The Crimson Ribbon is set during the English Civil War and tells the story of fifteen year old Ruth Flowers who is forced to leave her home village after her mother is hanged for witchcraft. Being hunted herself, Ruth meets Joseph Oakes, a troubled young man who has deserted from Cromwell’s army, and they decide to travel to London together. However, Ruth is suspicious of Joseph’s true motives so she runs away from him as soon as they arrive in the city and makes her way to the Poole household where she is given a place as a maid.
Ruth quickly falls under the spell of the enigmatic Elizabeth Poole and decides to use one of her mother’s charms to bind their lives together. However, it isn’t long before Ruth’s path crosses once more with that of Joseph but Ruth is oblivious to his growing attachment to her as she is still blinded by Elizabeth’s powerful personality. As days turn into months, Ruth’s happiness is soon shattered when her past comes back to haunt her and Elizabeth finds herself in trouble with her pastor. Forced to flee London, the two women set up home in Abingdon where they take their relationship a step further by becoming lovers but their new life is threatened by Elizabeth’s growing fervour for religion.

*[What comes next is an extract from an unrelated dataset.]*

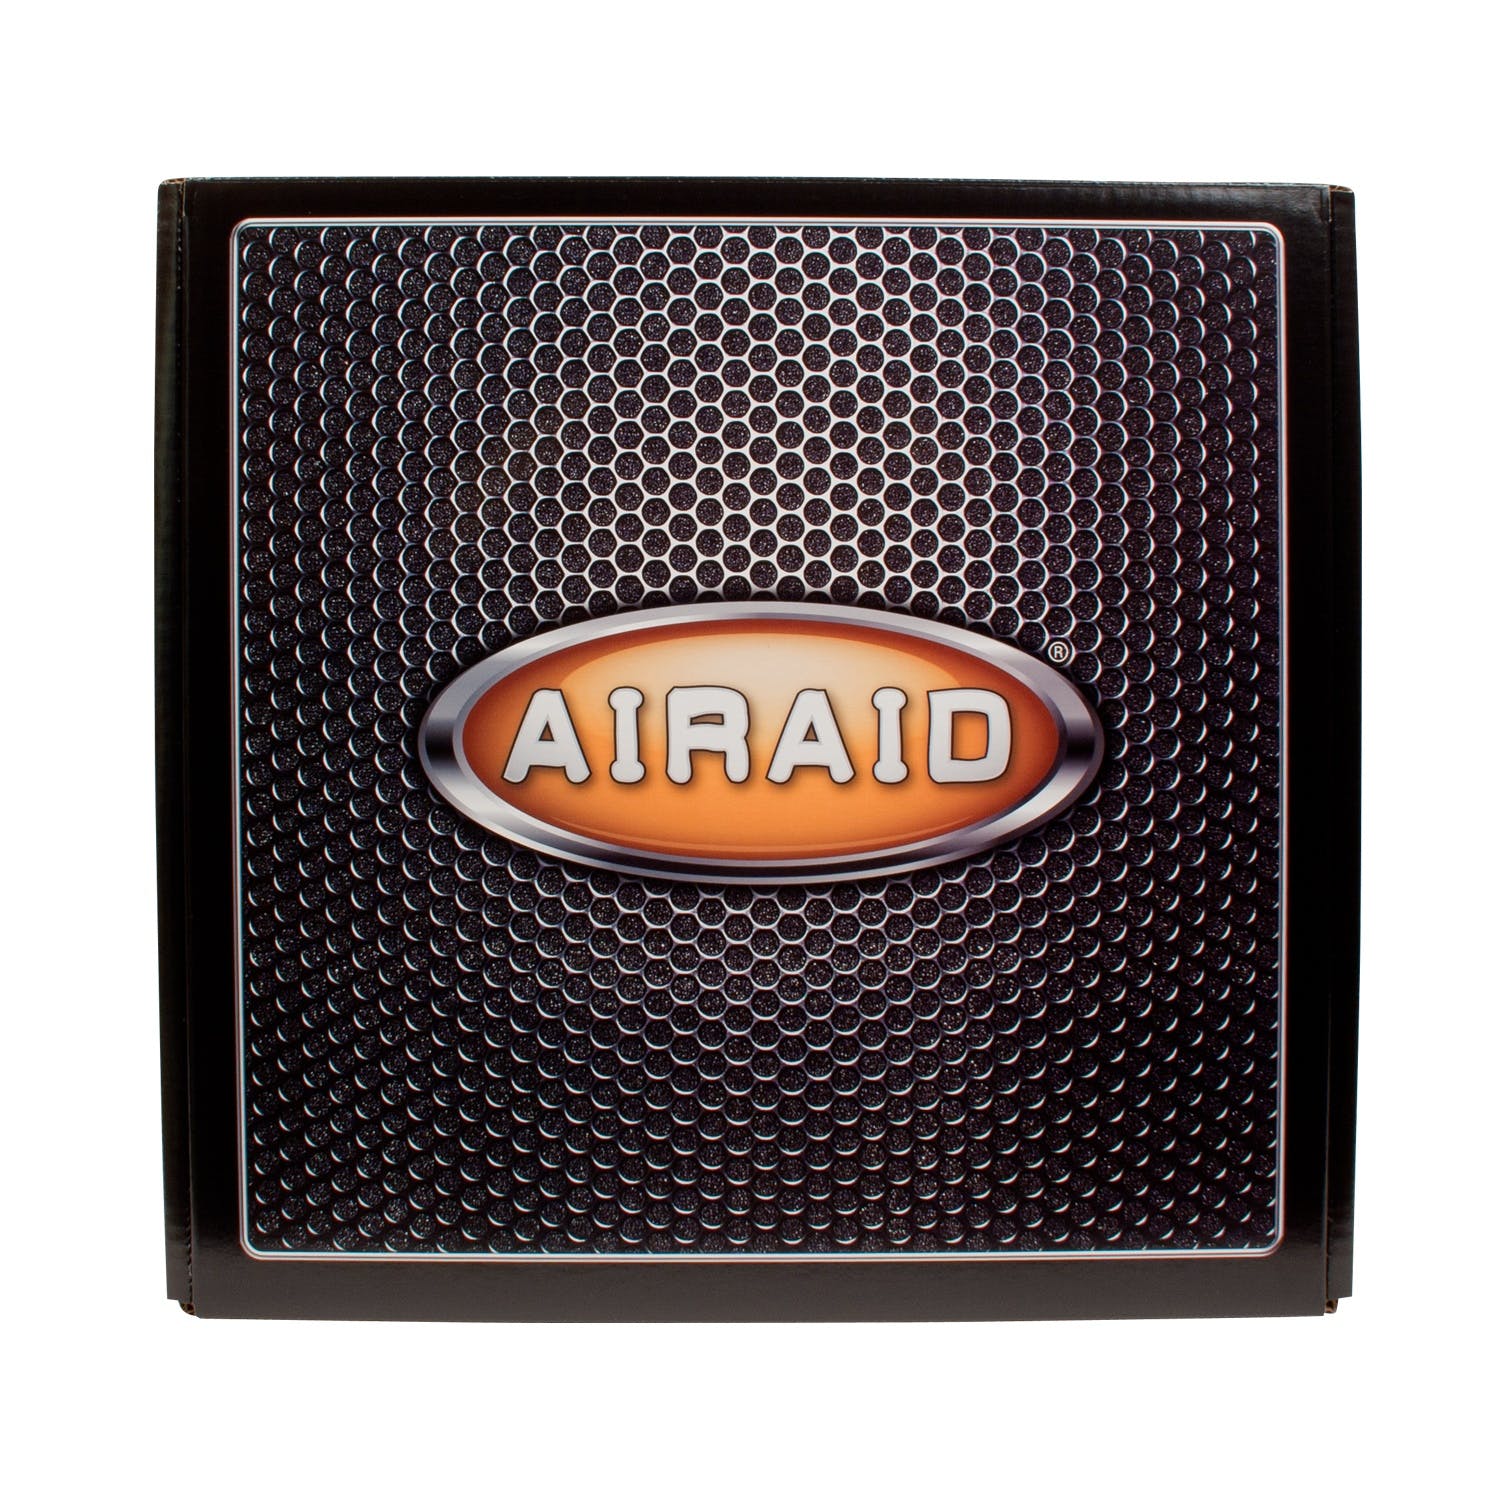 AIRAID 200-215 Performance Air Intake System

When Elizabeth claims to be receiving messages from God urging Oliver Cromwell to spare the life of Charles I, she becomes caught up in a dangerous game of politics which may prove fatal for both her and Ruth.
The Crimson Ribbon is an amazing debut which is not only set in one of my favourite historical eras but also explores the fascinating topic of the witch hunts where many women were falsely accused of consorting with the devil and were tortured into confessing their unholy crimes. The spectre of witchcraft hangs over Ruth for much of the novel, however it is never better portrayed than in the opening chapter when Ruth’s mother is unjustly blamed for the delivery of a deformed child. The villagers work themselves into a frenzy denouncing both Ruth and her mother with wicked accusations about their behaviour and Ruth is forced to witness her mother being hanged.
The book is narrated by Ruth in the present tense which is not normally to my liking, however I’ve been reading a few books in this tense lately so I actually found it easy to read and barely noticed which hopefully means I’m getting used to it. Despite being told solely from Ruth’s point of view, it was easy to discern when Ruth was being blinded by her love for Elizabeth and I desperately wanted to shake her at certain points.
Elizabeth Poole is a real life historical figure of whom little is known but I think the author did an intelligent job of filling in the gaps and bringing Elizabeth to life. Elizabeth isn’t really a character you can have sympathy with as she uses people and causes them a lot of heartache as her mental health declines. The relationship between Elizabeth and Ruth is marred by Ruth’s inability to see Elizabeth’s true colours and I felt it was given too much attention to the detriment of Joseph. Joseph could’ve been a really interesting character if he had been given more of a voice and not consigned into the background.